§ **DESCRIPTION OF THE TASK**: From the line containing "Green Meganium Pokemon" to the last line of the listing, both included, copy every line exactly and drop the pictures.

[Opening INPUT DATA section]

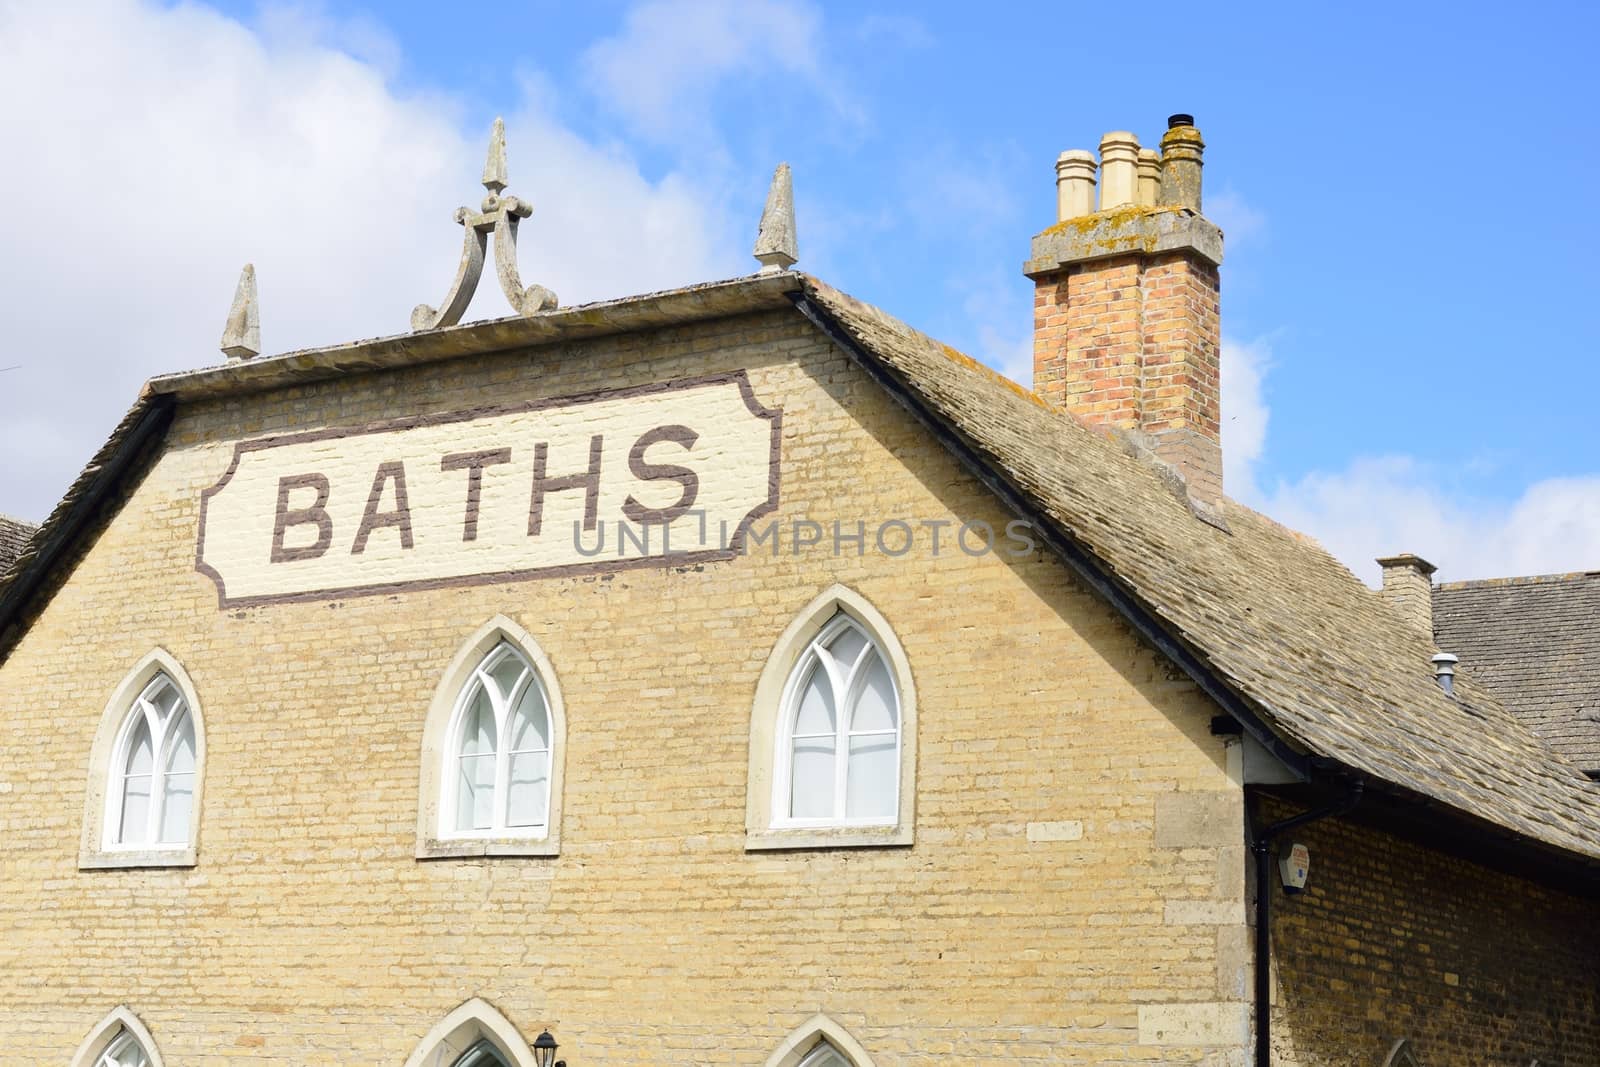 Public bath building england
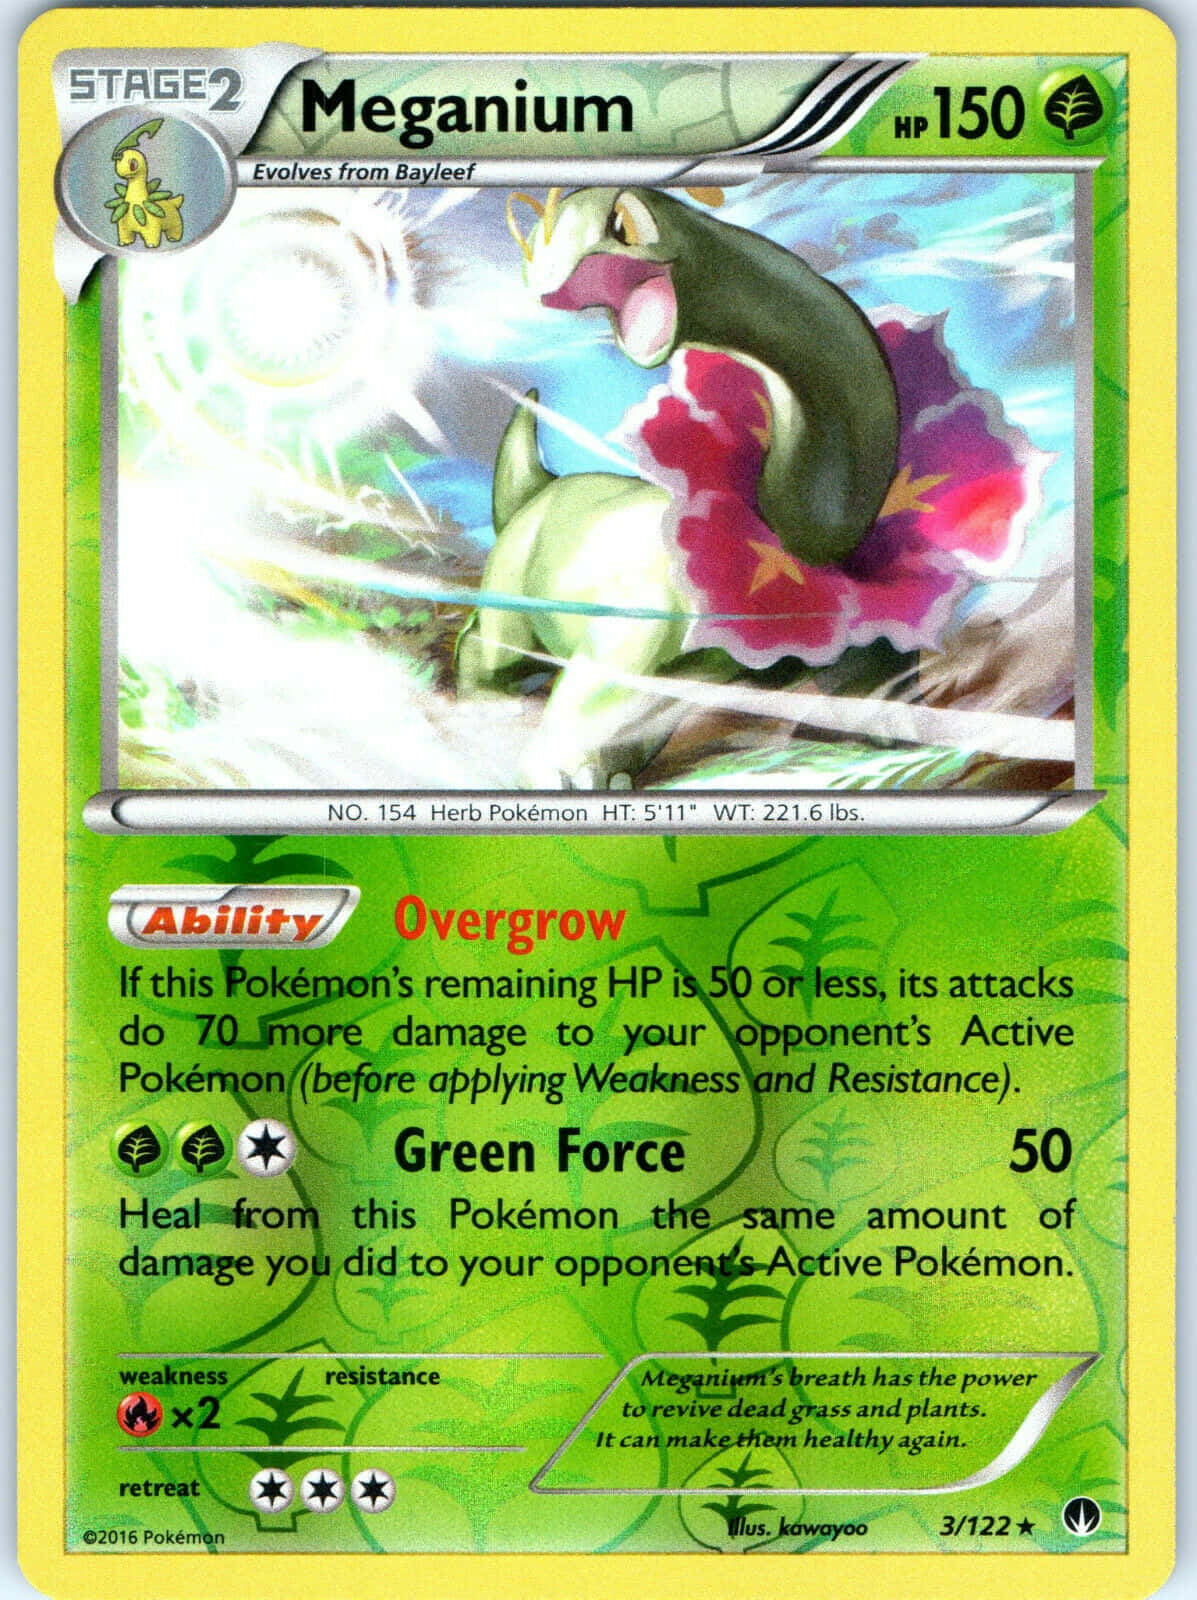 Green Meganium Pokemon Trading Card Wallpaper
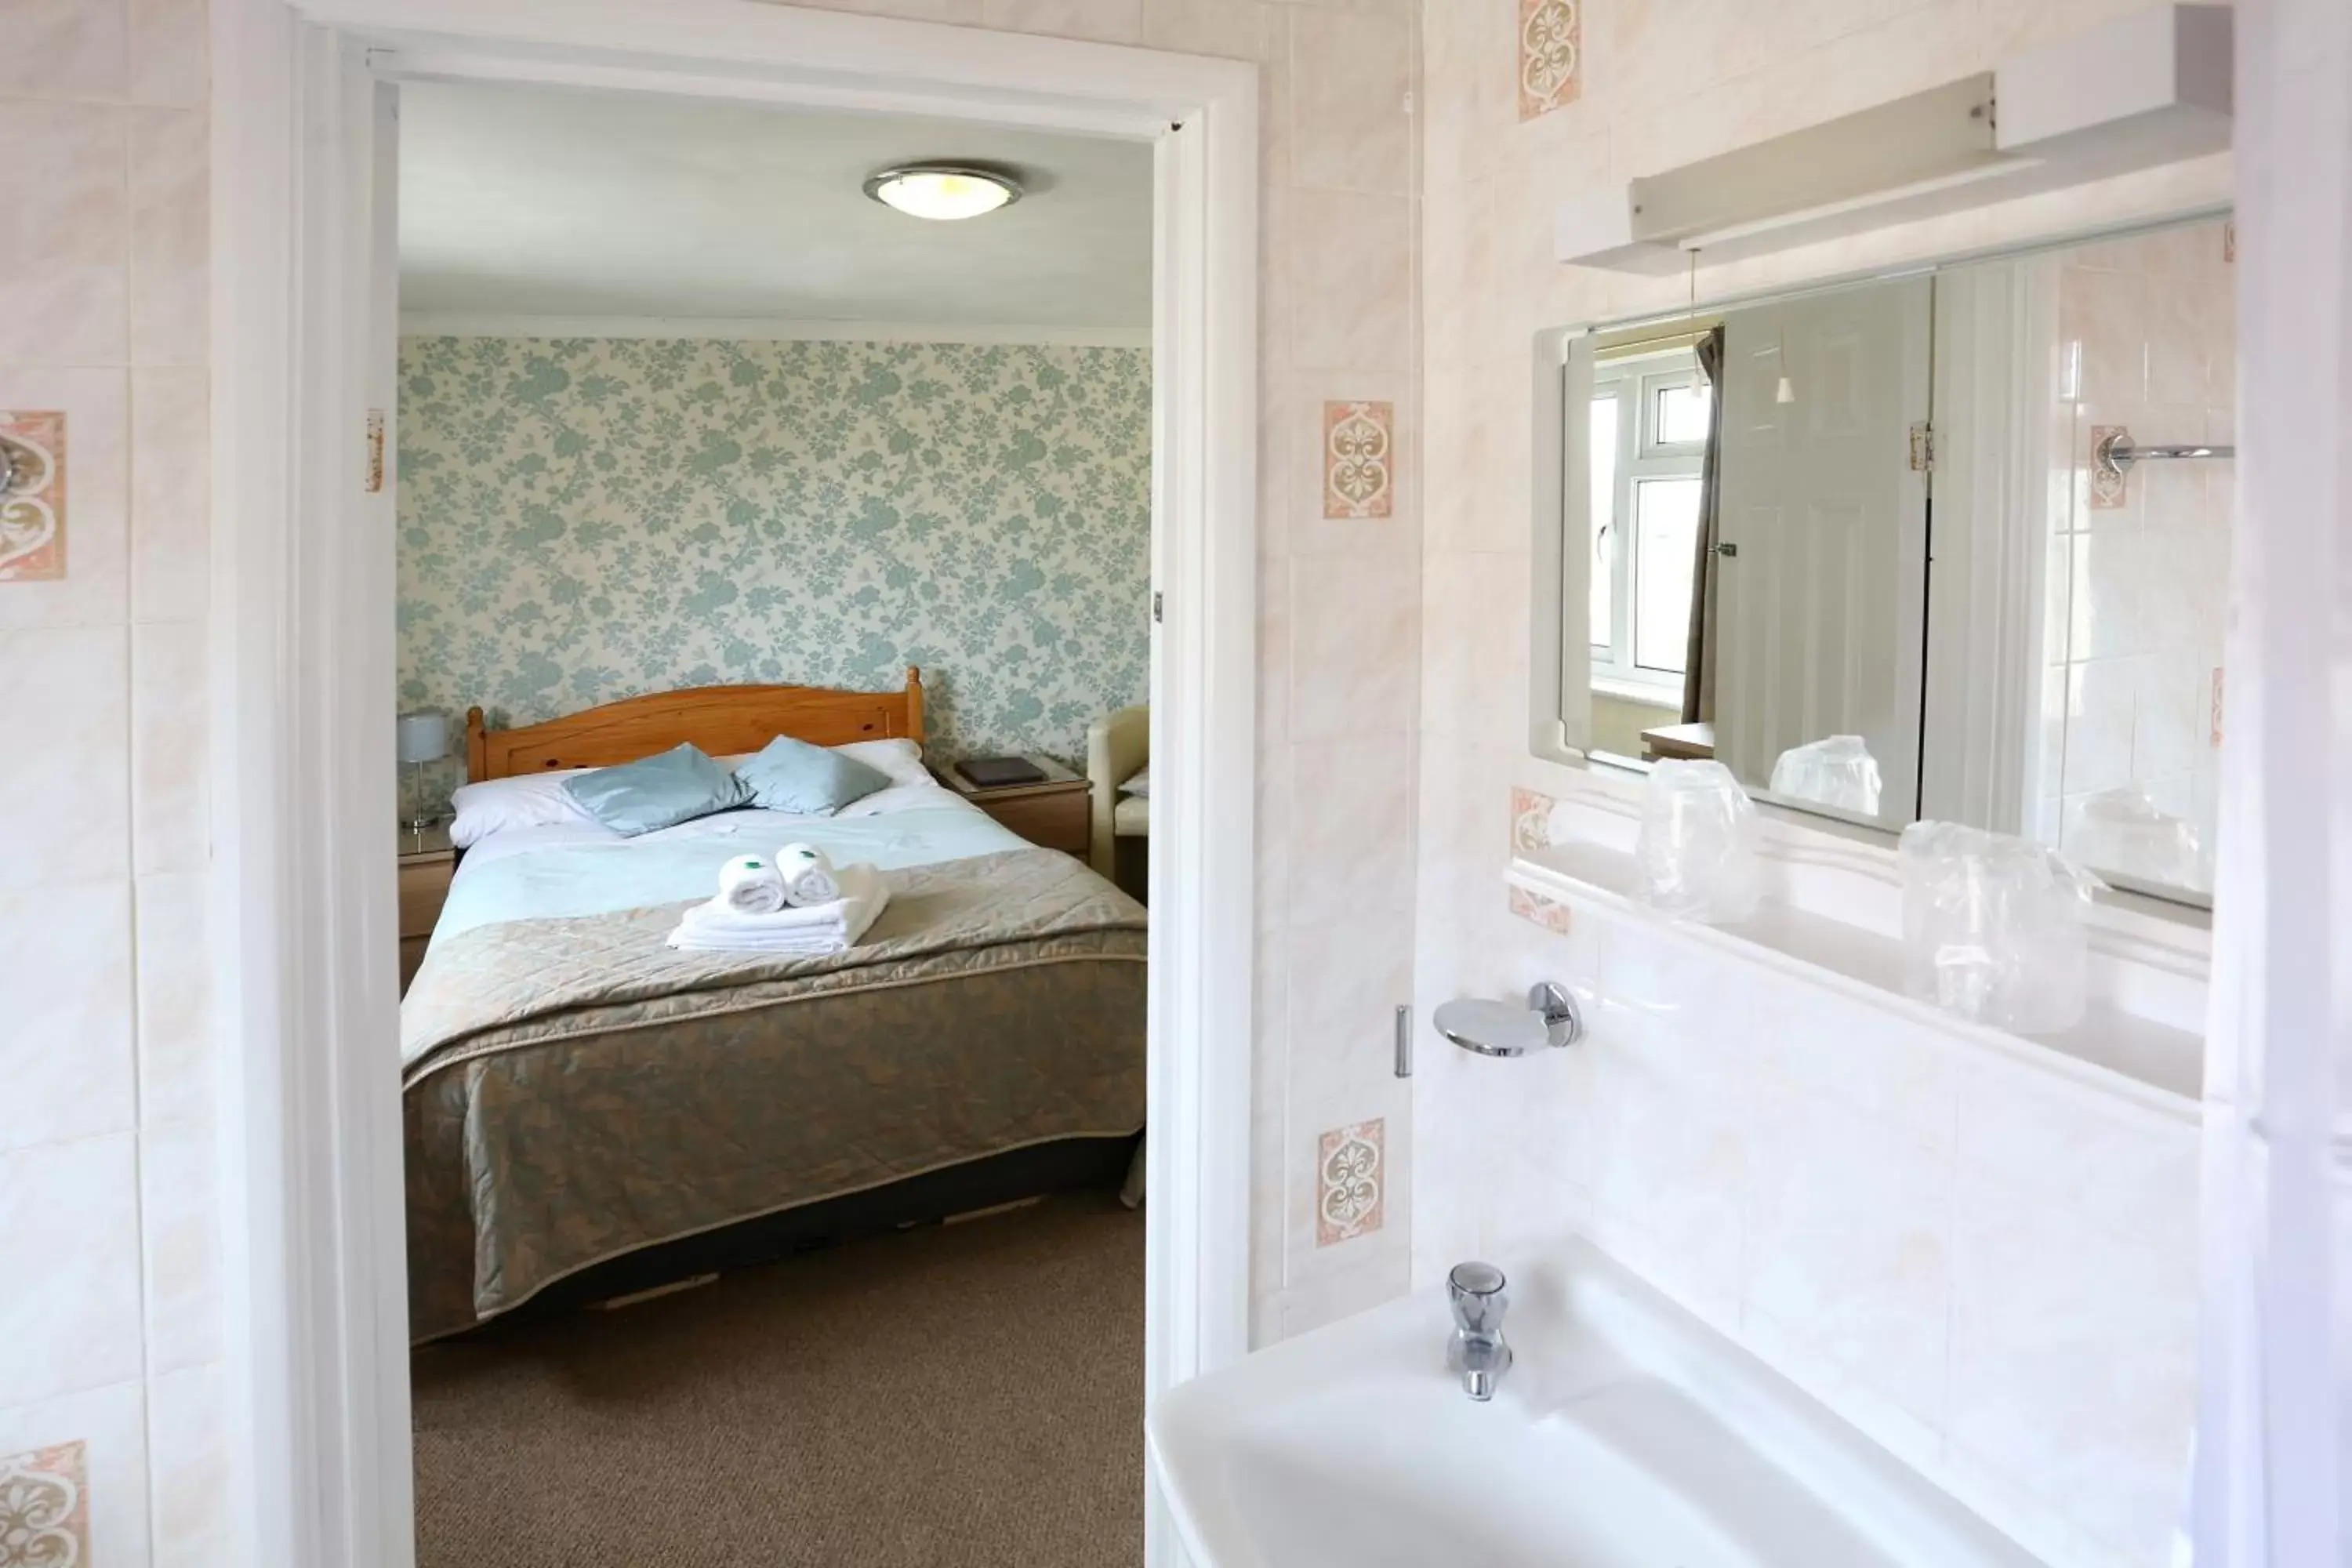 Decorative detail, Bathroom in Dorset Hotel, Isle of Wight

[Closing INPUT DATA section]

§ **EXERCISE RESULT**:
 Green Meganium Pokemon Trading Card Wallpaper
 Decorative detail, Bathroom in Dorset Hotel, Isle of Wight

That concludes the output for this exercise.